A obra segue inédita, mas a jornalista publicou, além de "Fuga" e "Adão e Eva", os livros de contos "O 35º Ano de Inês", "Vinde a mim os Pequeninos" e "Tradição, Família e Outras Estórias" e o romance autobiográfico "Mário/Vera". Também participou de mais de 20 antologias no Brasil e no exterior. Tania, que nunca se casou, começou a escrever o romance autobiográfico logo após a morte de Miguel, pai de seu único filho, Daniel, que ele mal chegou a conhecer. Os personagens Mário e Vera são, portanto, codinomes para Miguel e Tania. "Imediatamente após a morte, comecei a escrever, como catarse, mas depois não consegui mais. Só 10 anos depois mostrei o que tinha ao editor Carlos Appel e ele me incentivou a terminar. Sugeriu que me estendesse mais sobre o ambiente, o contexto geral. Então, tive que voltar atrás, fazer pesquisa para a minha autobiografia", conta. A história se passa no Brasil de 1962 a 1964.


Ligação com o lazer


Tânia tem dois netos, Davi Cainã, de 12 anos, do primeiro casamento de Daniel, e Leila, um ano, do segundo. O menino passa mais tempo com a avó - como pratica basquete no Grêmio Náutico União, costuma ir à sua casa (ela mora na Coronel Bordini e tem pavor das obras que acontecem atualmente na região) após os treinos. Baixinha, a jornalista explica como Davi pode jogar basquete: "Ele não puxou à avó!", brinca.

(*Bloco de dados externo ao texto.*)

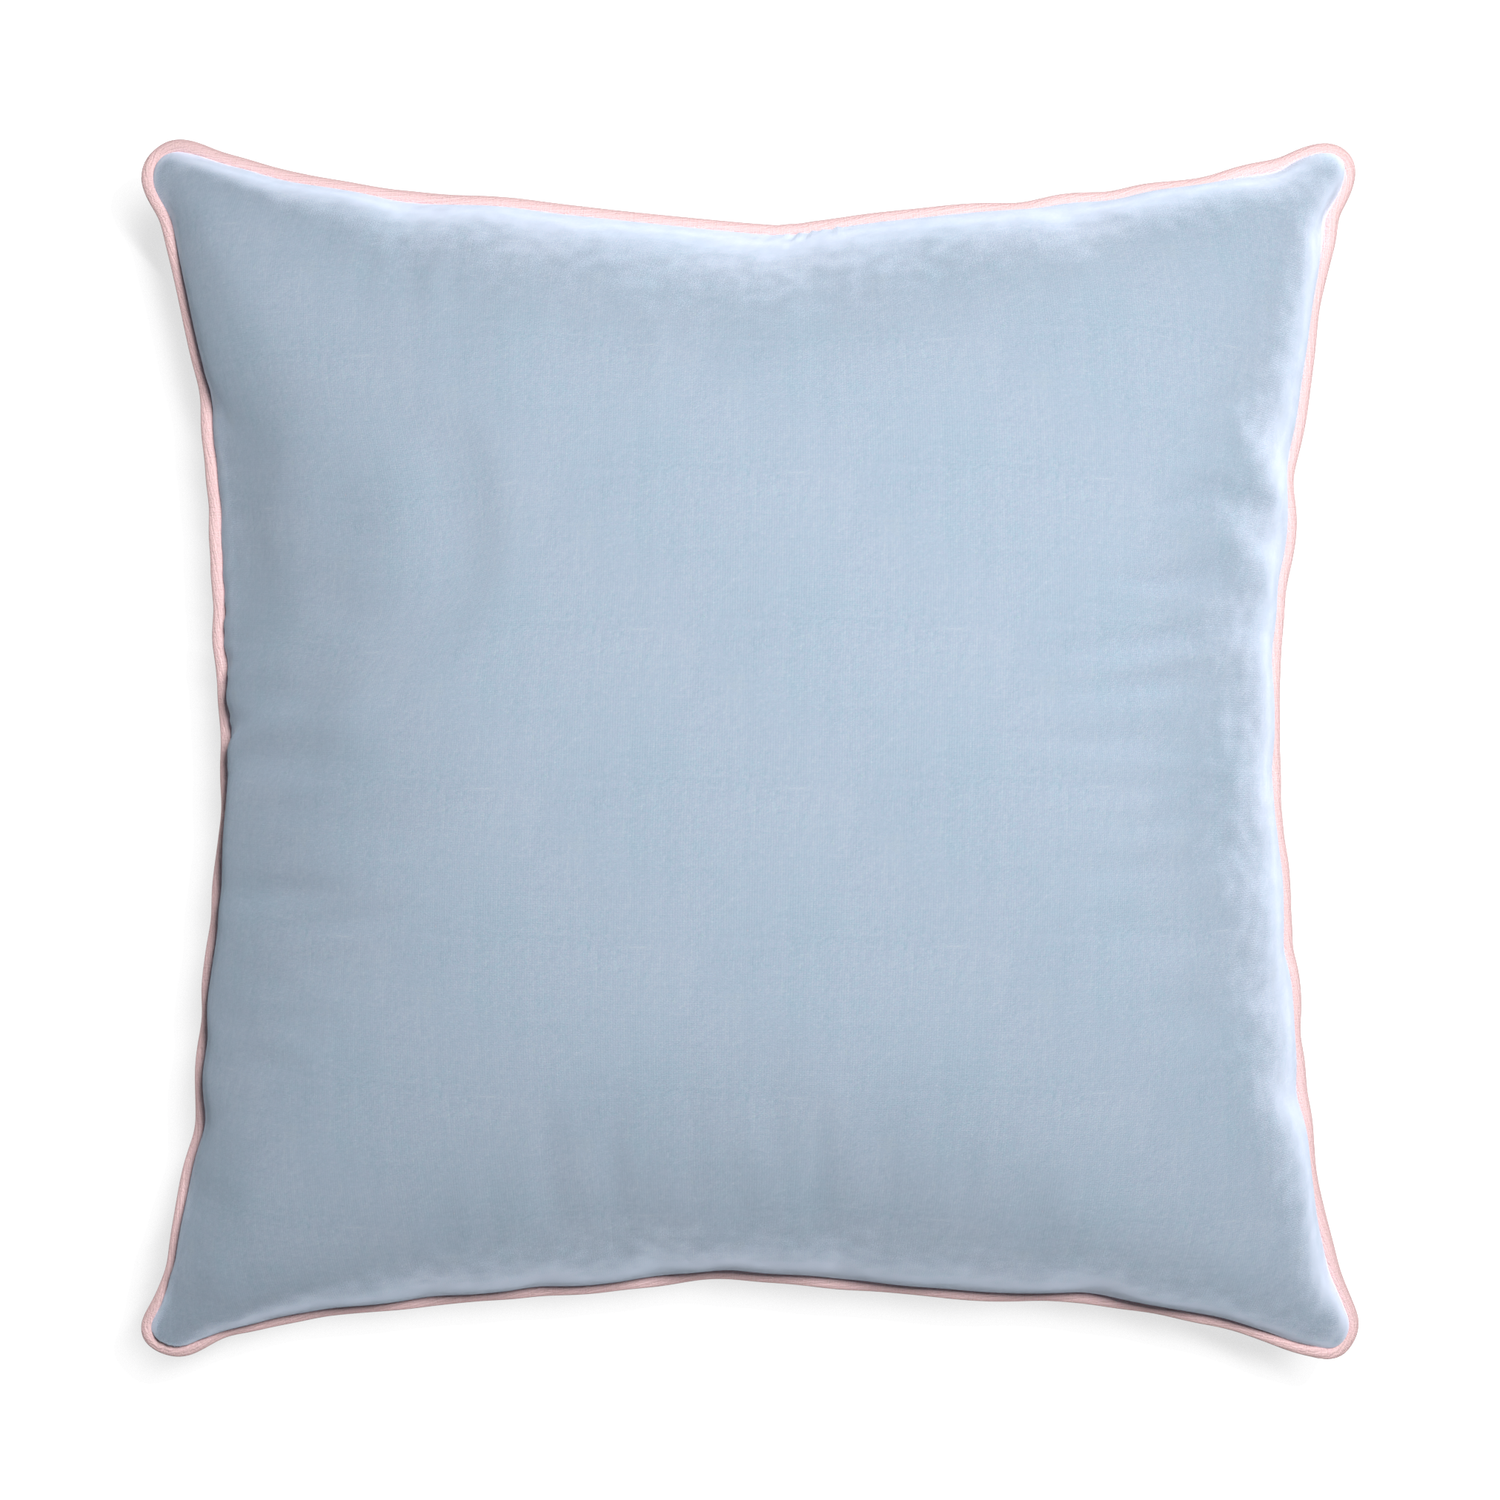 Euro-sham sky velvet custom pillow with petal piping on white background

Além de brincar com os netos, Tânia tem outros hobbies, embora diga que não é uma pessoa muito ligada a lazer: "Não sei se é porque sempre tive uma vida muito difícil?", divaga. Ela gosta de ouvir música, pintar e fazer miniaturas. Seu apartamento está cheio de suas pequenas esculturas, a maioria remontando a cenários de "Beco da Velha", e de seus quadros a óleo, que já renderam uma exposição, em 1958. Sem falar em ler e escrever: "Tudo me motiva. O problema é que o corpo vai ficando velho e deixando de acompanhar a cabeça".